───── EXERCISE DATA
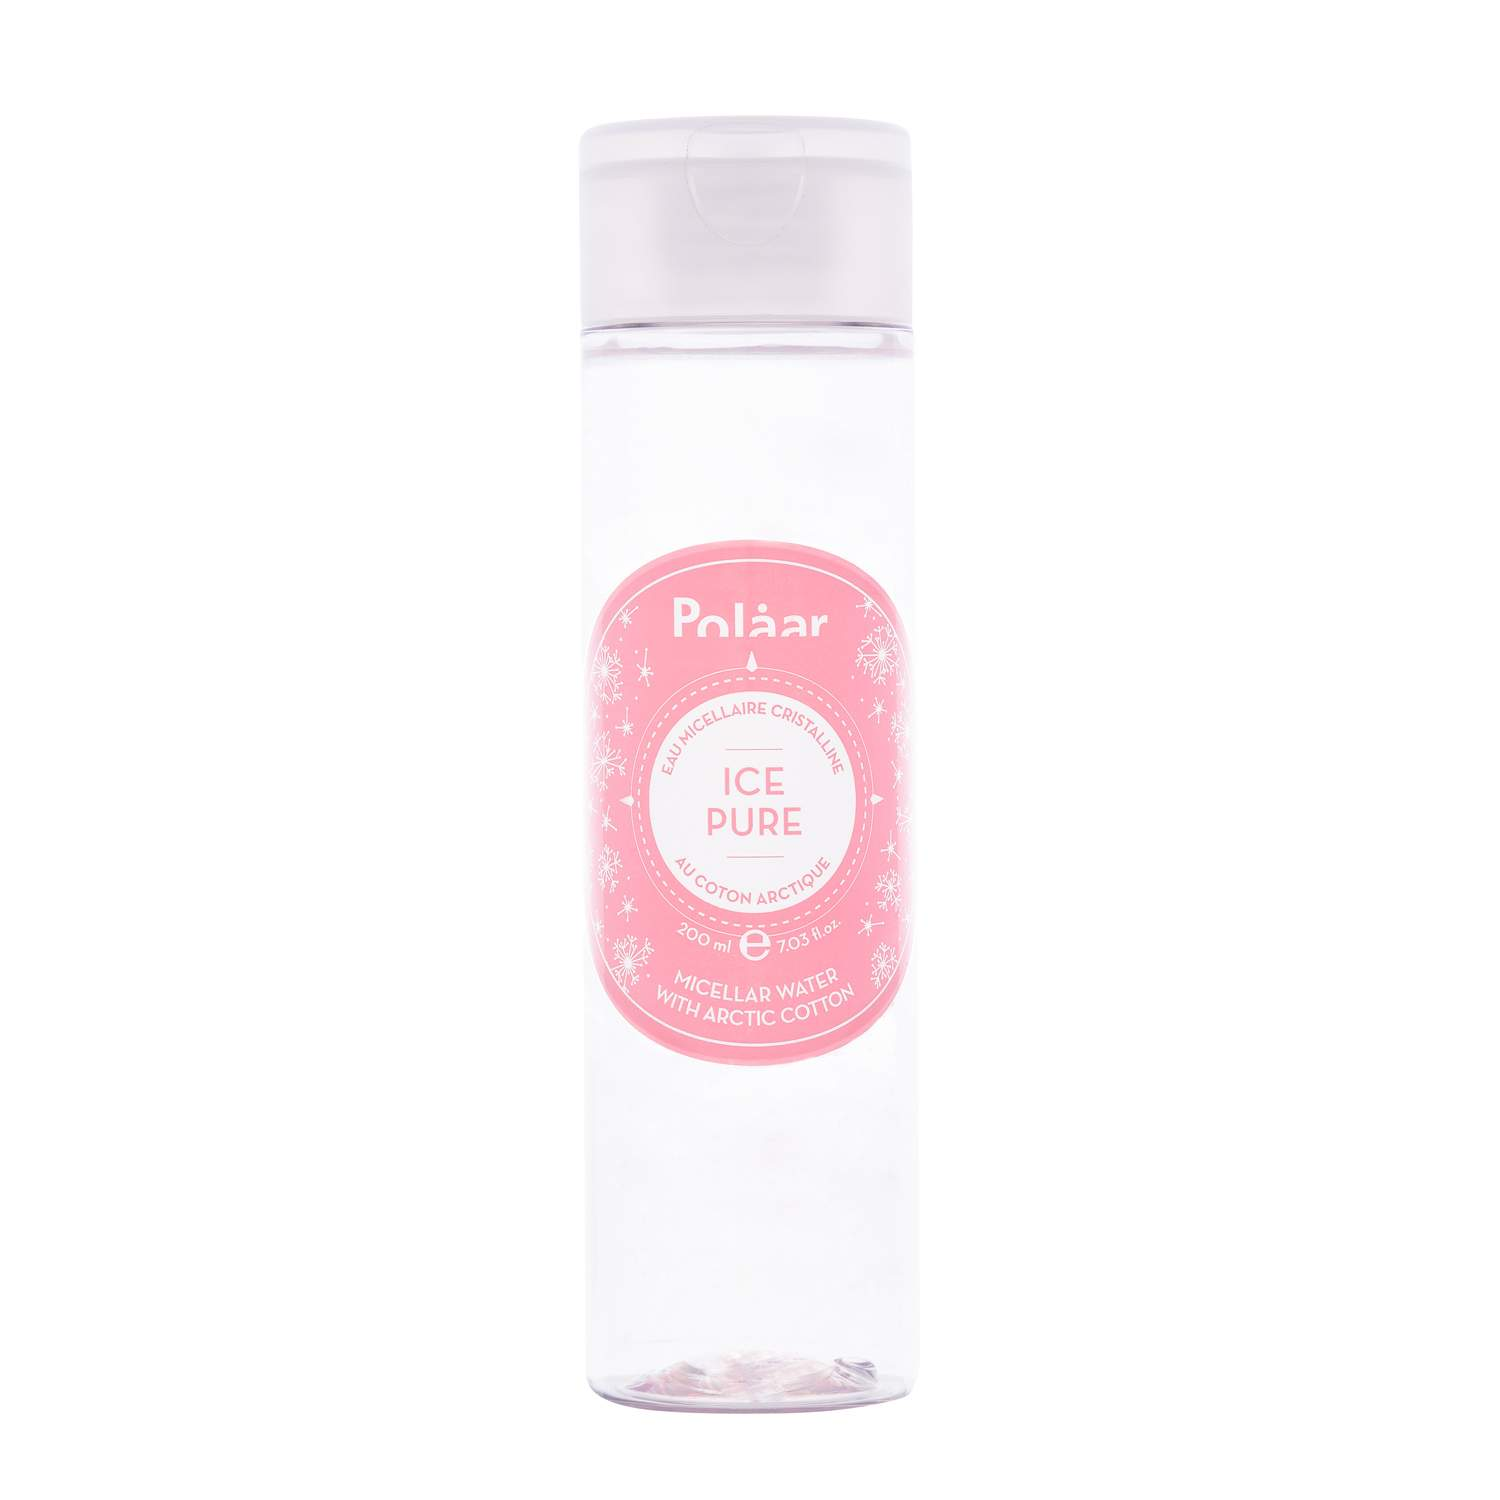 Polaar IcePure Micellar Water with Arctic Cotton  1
──────────
───── EXERCISE DATA
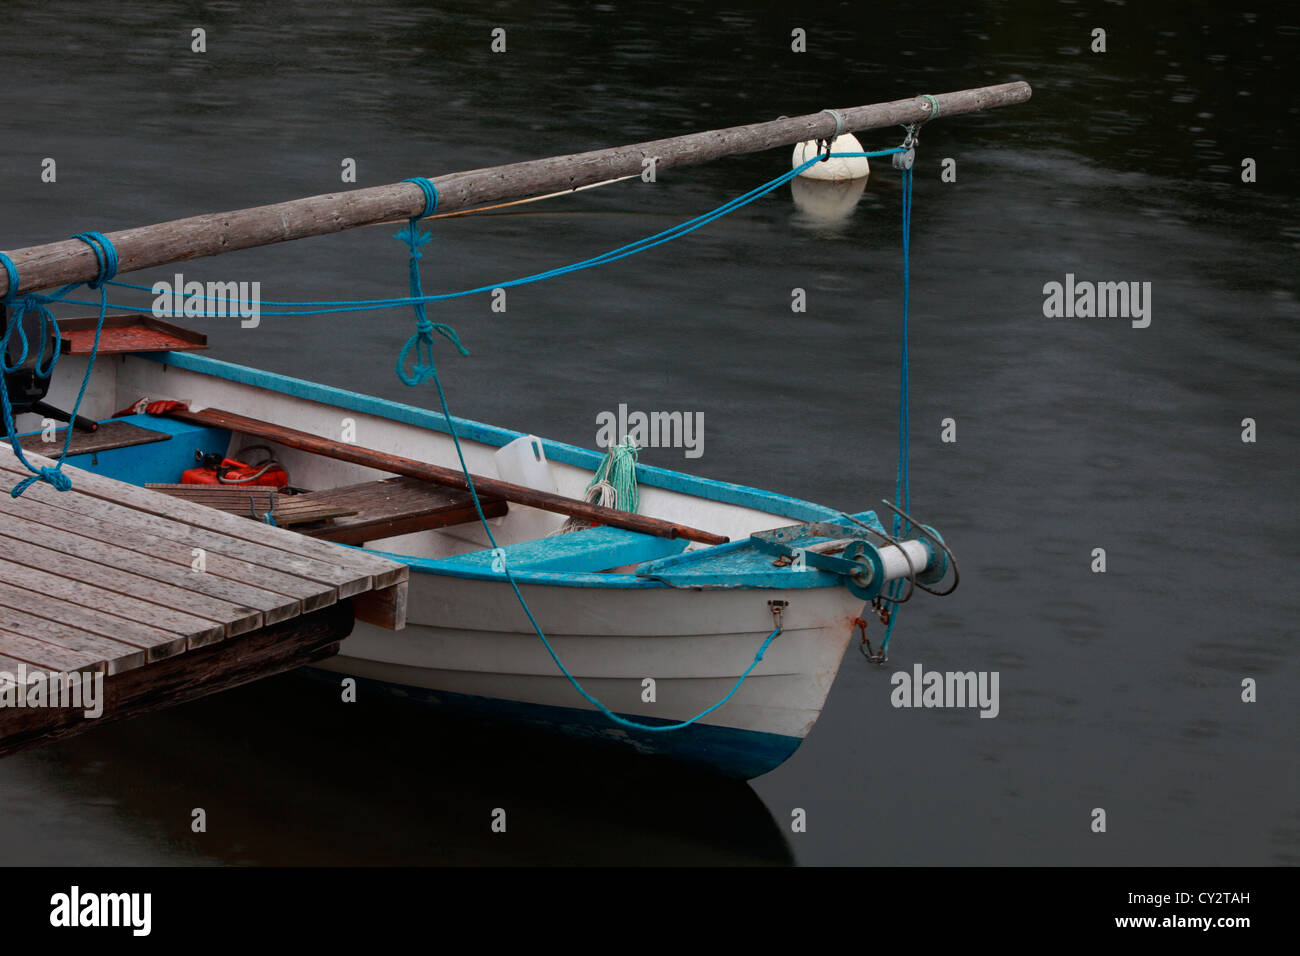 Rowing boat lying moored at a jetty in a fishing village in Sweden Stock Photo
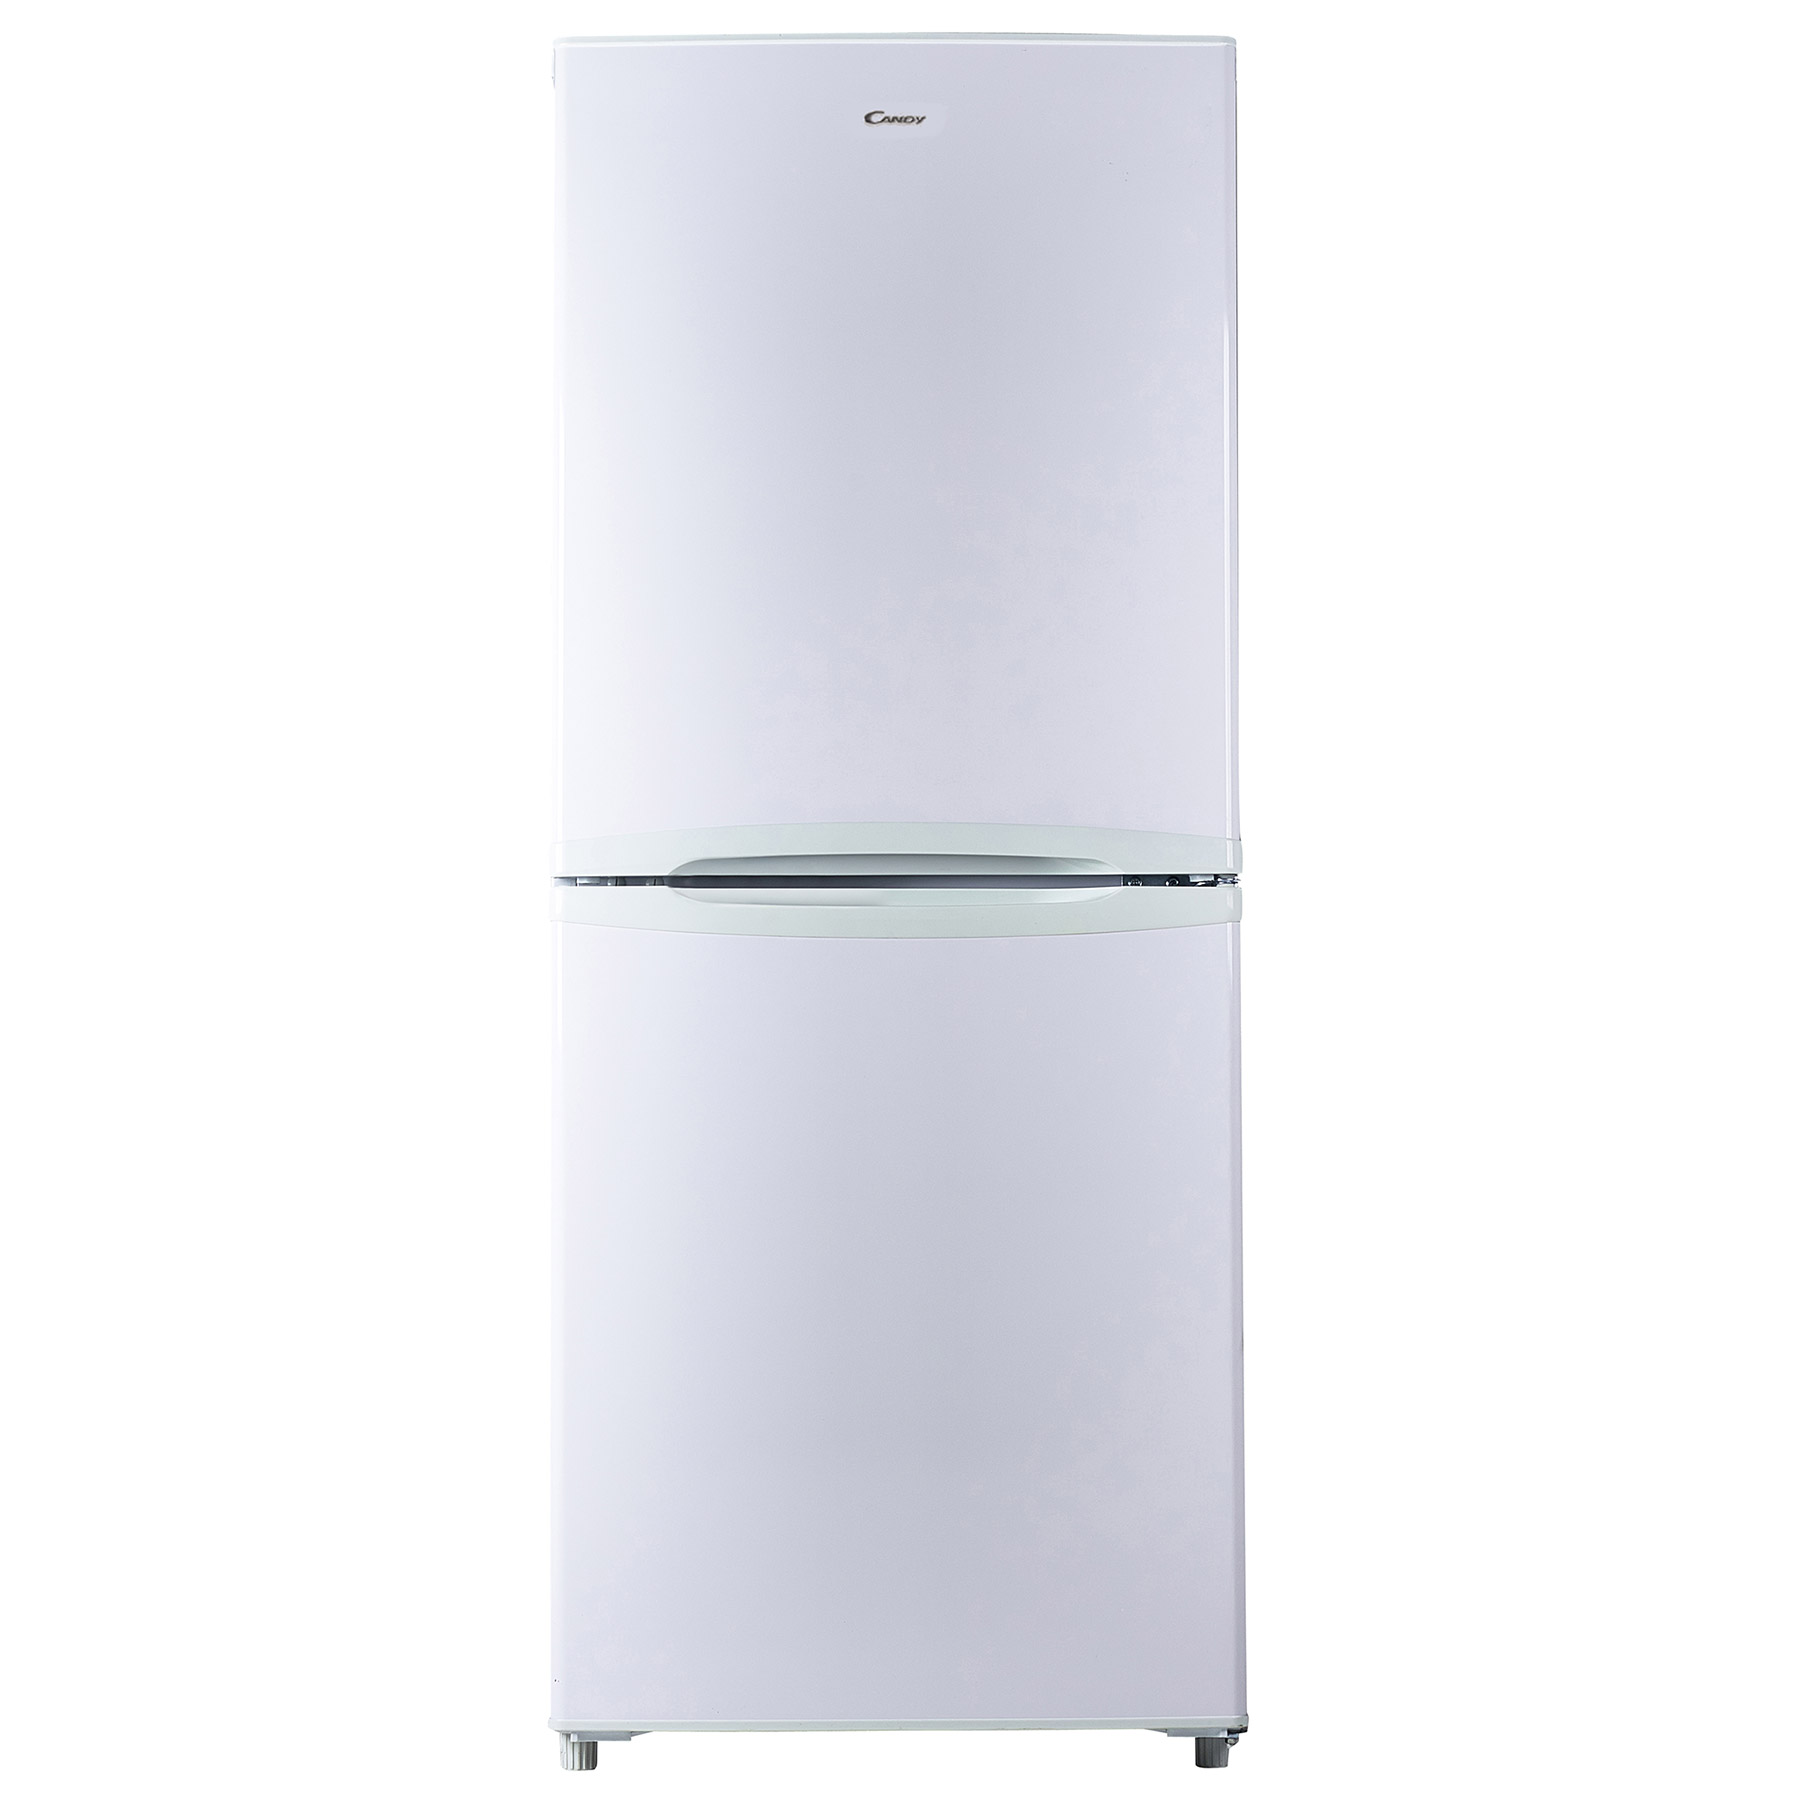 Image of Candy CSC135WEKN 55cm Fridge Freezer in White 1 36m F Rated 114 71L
──────────
WHAT THE EXERCISE ASKS: Could you output exactly the lines above, from the line with "Rowing boat lying" up to and including the line with "Image of Candy", and nothing else, skipping the pictures?

SOLUTION BELOW:
 Rowing boat lying moored at a jetty in a fishing village in Sweden Stock Photo
 Image of Candy CSC135WEKN 55cm Fridge Freezer in White 1 36m F Rated 114 71L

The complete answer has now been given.